CellAgent: LLM-Driven Multi-Agent Framework for Natural Language-Based Single-Cell Analysis¶

Conference: ICLR 2026
OpenReview: https://openreview.net/forum?id=BsA2GNkJhz
Code: TBD
Area: LLM Multi-Agent / AI for Science (Single-cell Bioinformatics)
Keywords: Multi-Agent, scRNA-seq, Spatial Transcriptomics, Self-Reflective Optimization, Tool Calling

TL;DR¶

CellAgent utilizes a three-tier agent architecture (Planner-Executor-Evaluator) combined with an expert toolbox (sc-Omni) and a self-reflective optimization mechanism. It enables researchers to perform end-to-end single-cell RNA sequencing and spatial transcriptomics analysis using only natural language, achieving quality comparable to or exceeding that of human experts across multiple downstream tasks.

Background & Motivation¶

Background: Single-cell RNA sequencing (scRNA-seq) and spatial transcriptomics (ST) have become core methods in molecular biology, characterizing cellular heterogeneity with unprecedented precision. However, these methods generate massive amounts of data that require complex computational toolchains for meaningful biological information extraction.
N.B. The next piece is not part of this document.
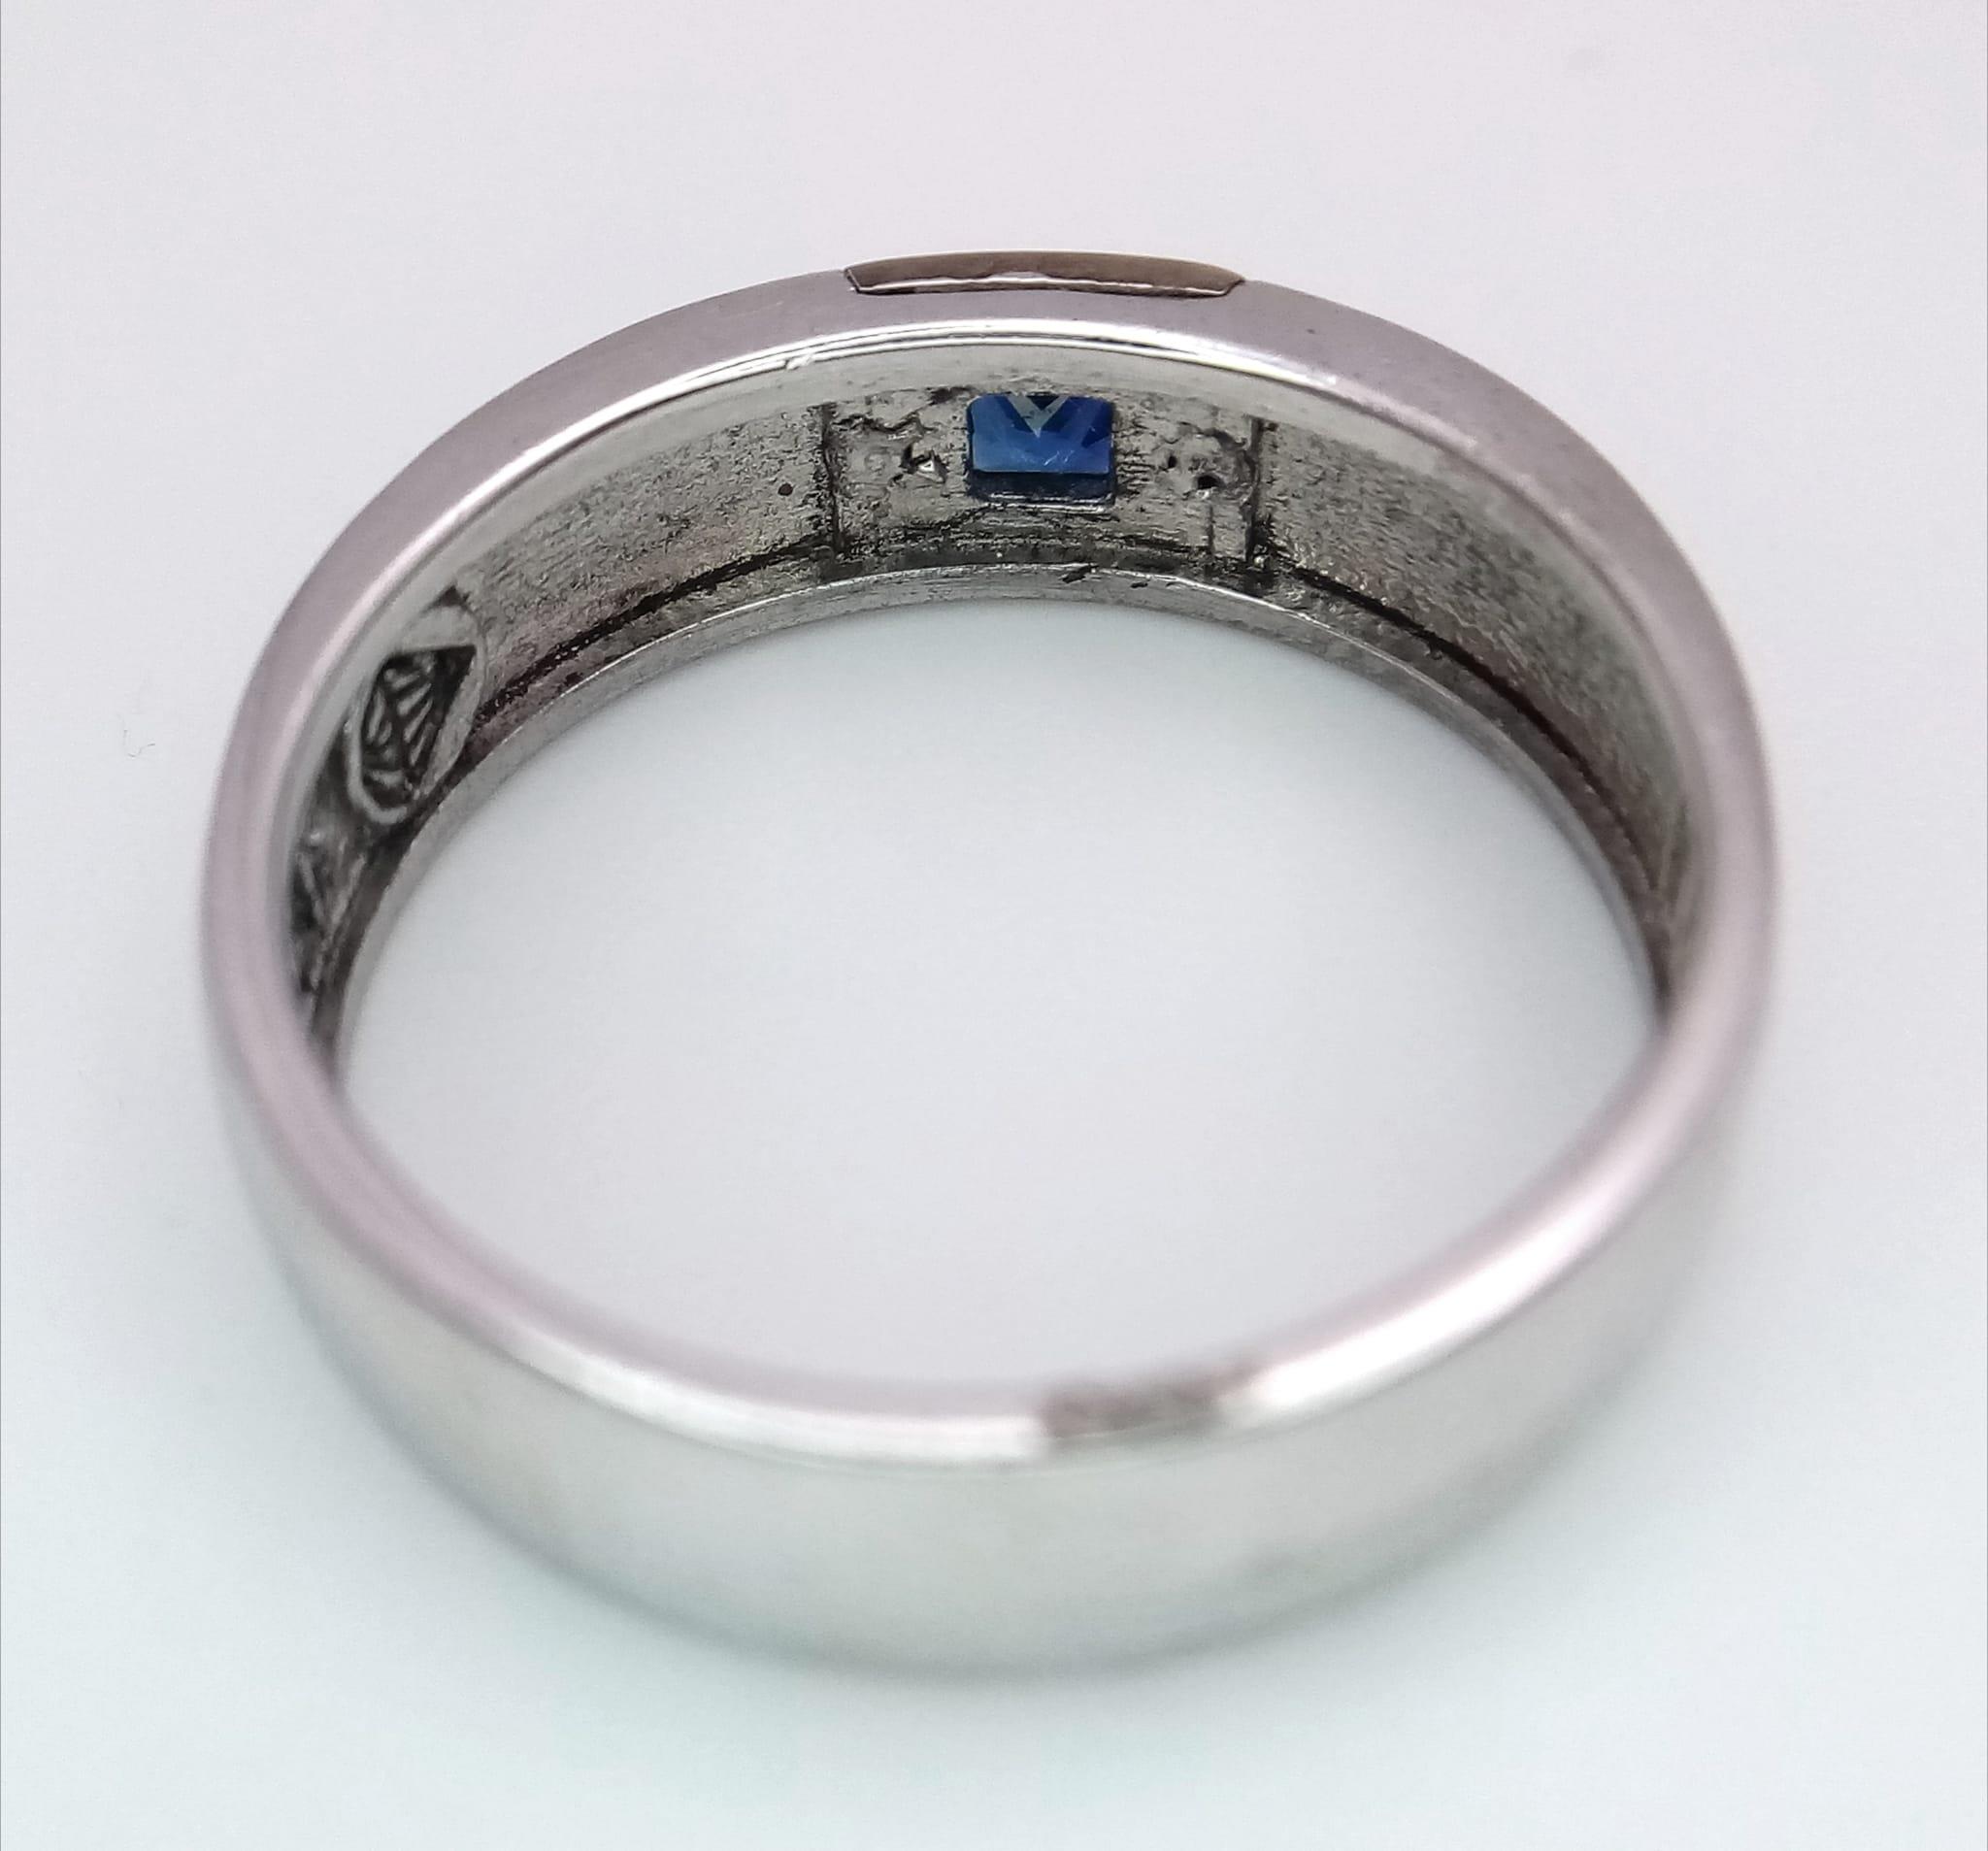 A 925 Silver Blue Stone Gents Ring. Size U. - Image 7 of 9

Limitations of Prior Work: Existing analysis pipelines (Scanpy, Squidpy, Seurat, scVI, etc.) are mature but require analysts to possess both programming proficiency and biological expertise. Analysts must manually select appropriate tools and fine-tune hyperparameters based on data characteristics. This "dual expertise barrier" makes single-cell analysis costly and hinders biological discovery.

Key Challenge: General-purpose LLMs (GPT-4) and general agent frameworks (AutoGen) lack domain knowledge, making it difficult to produce reliable biological analyses. Existing domain-specific agents (AutoBA, BioMANIA) focus solely on "task execution success rates" and lack mechanisms to automatically evaluate the biological relevance of results. Consequently, they cannot autonomously select algorithms or tune hyperparameters across heterogeneous datasets. In essence, "completing the run" does not equate to "getting it right."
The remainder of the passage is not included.